> _About this exercise_: Only the lines below from the one that holds "astrofsico (astrofsica)" through the one that holds "Vereinigte Staaten von" should appear in the answer, copied exactly, end lines included and pictures omitted.

> _Data provided_:
|---|
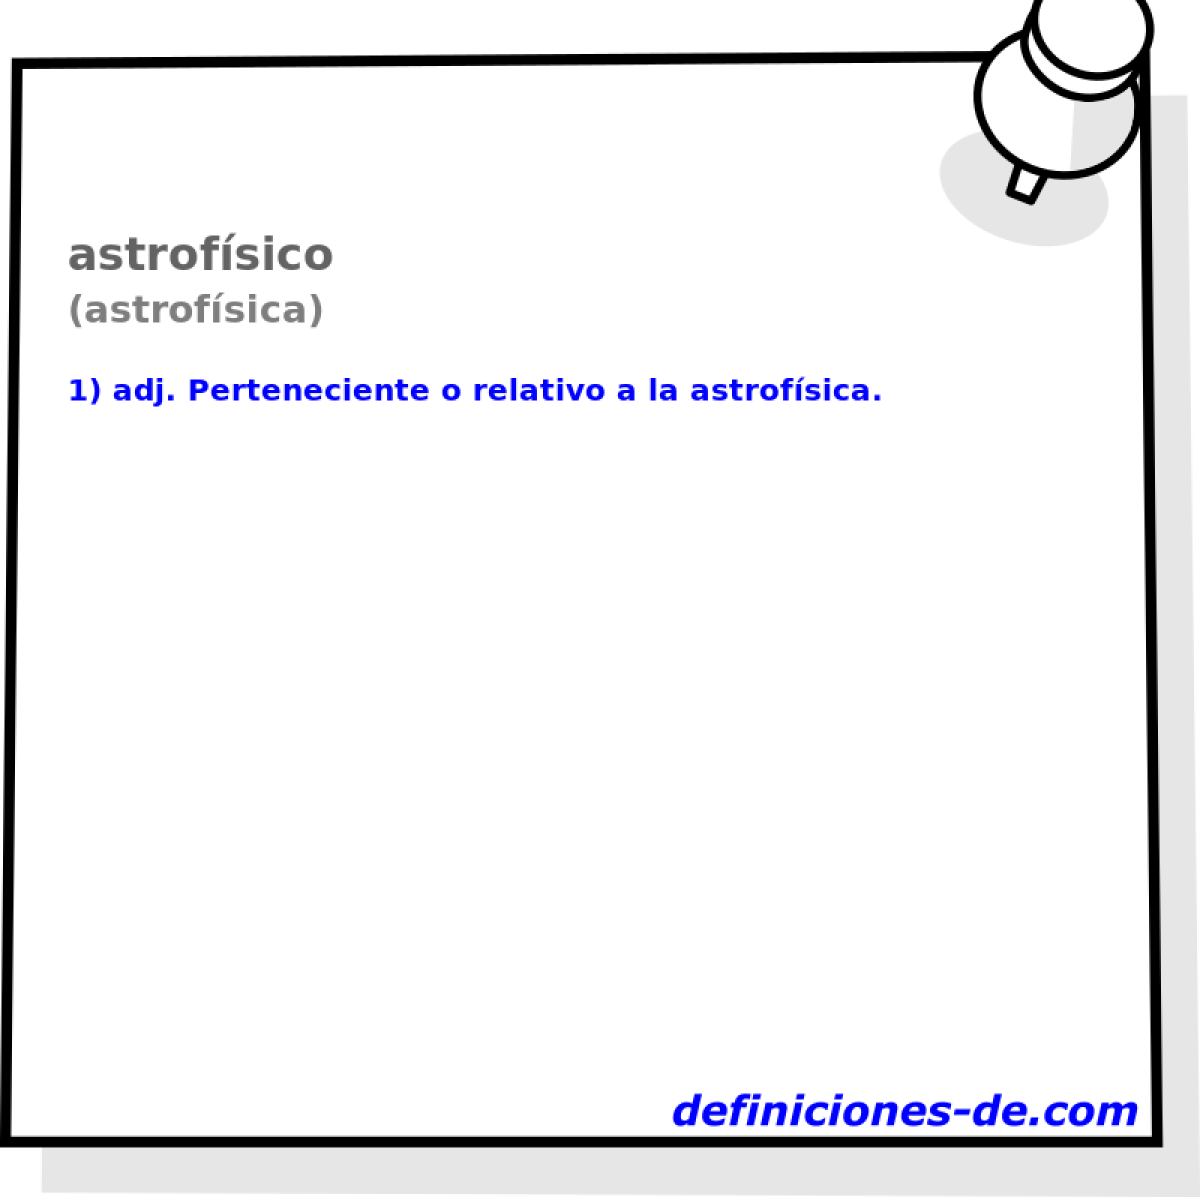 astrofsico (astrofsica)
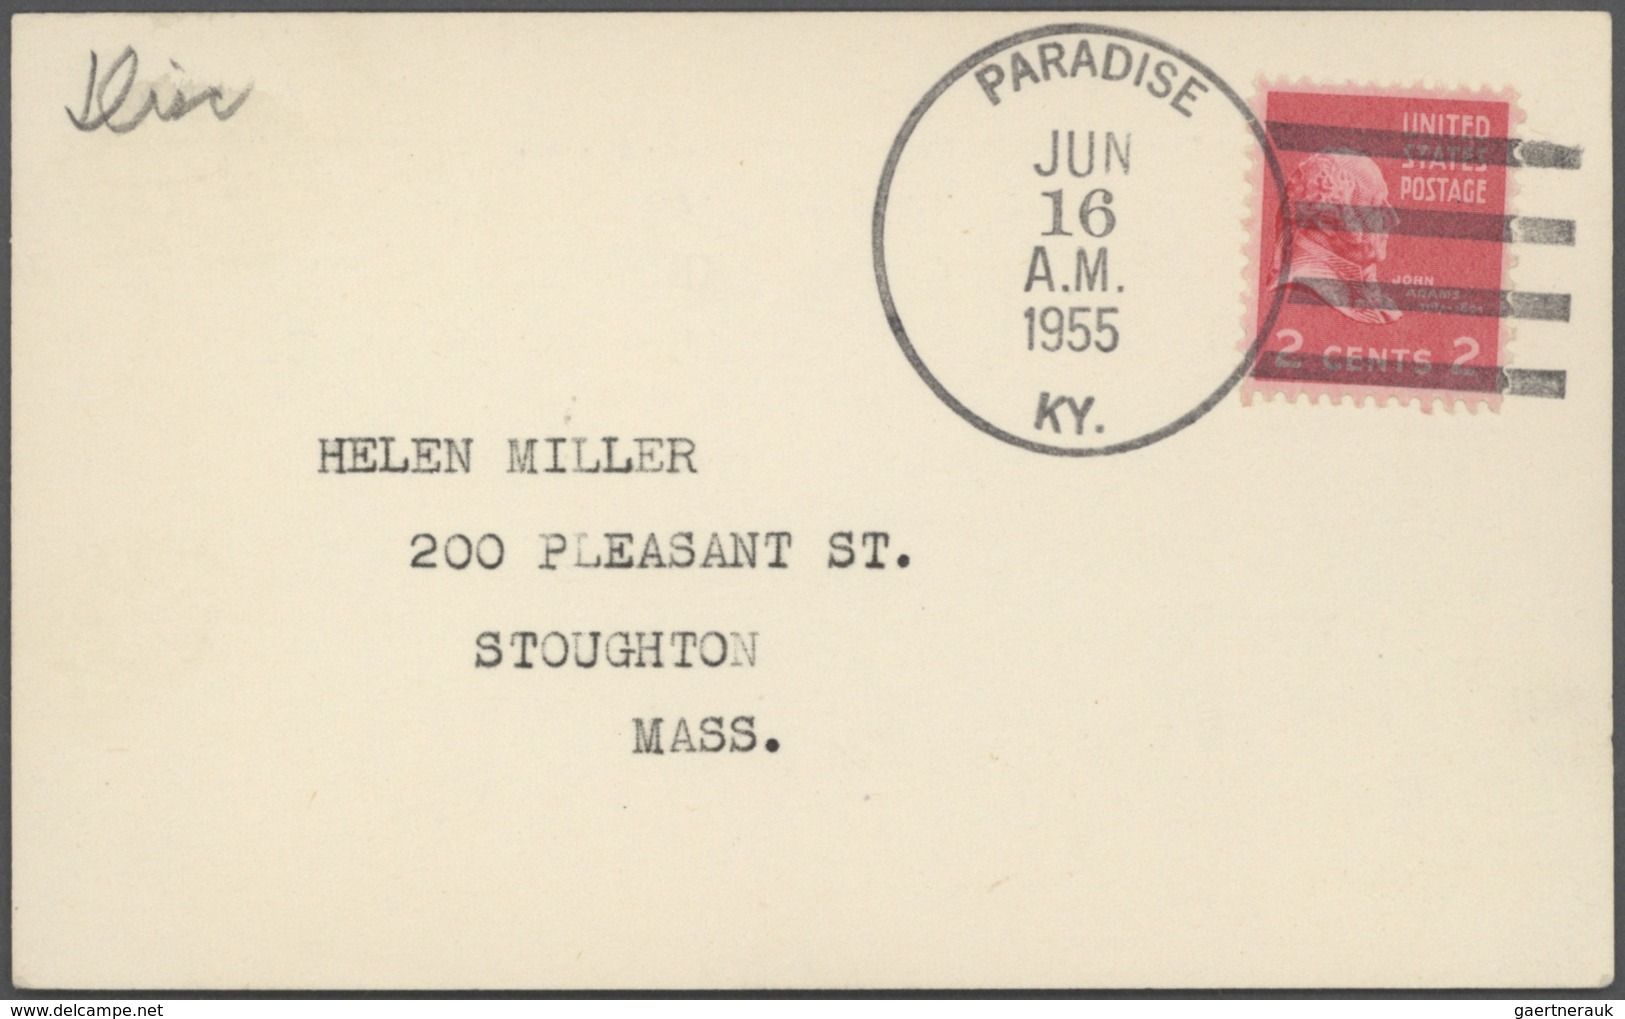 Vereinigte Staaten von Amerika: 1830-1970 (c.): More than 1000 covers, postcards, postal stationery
|---|
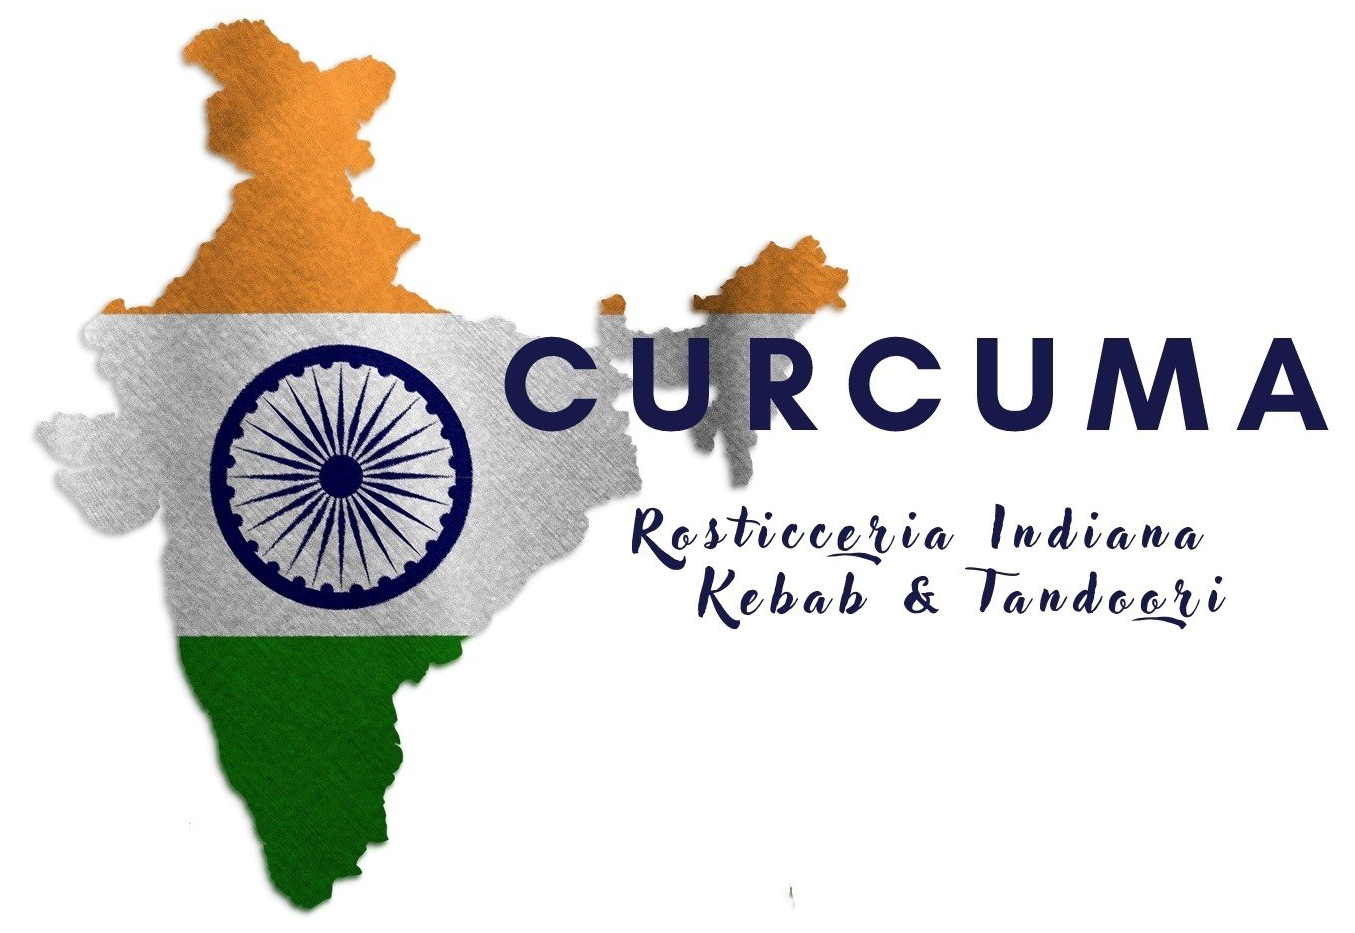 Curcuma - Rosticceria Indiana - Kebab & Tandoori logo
|---|
> _Exercise output_:
 astrofsico (astrofsica)
 Vereinigte Staaten von Amerika: 1830-1970 (c.): More than 1000 covers, postcards, postal stationery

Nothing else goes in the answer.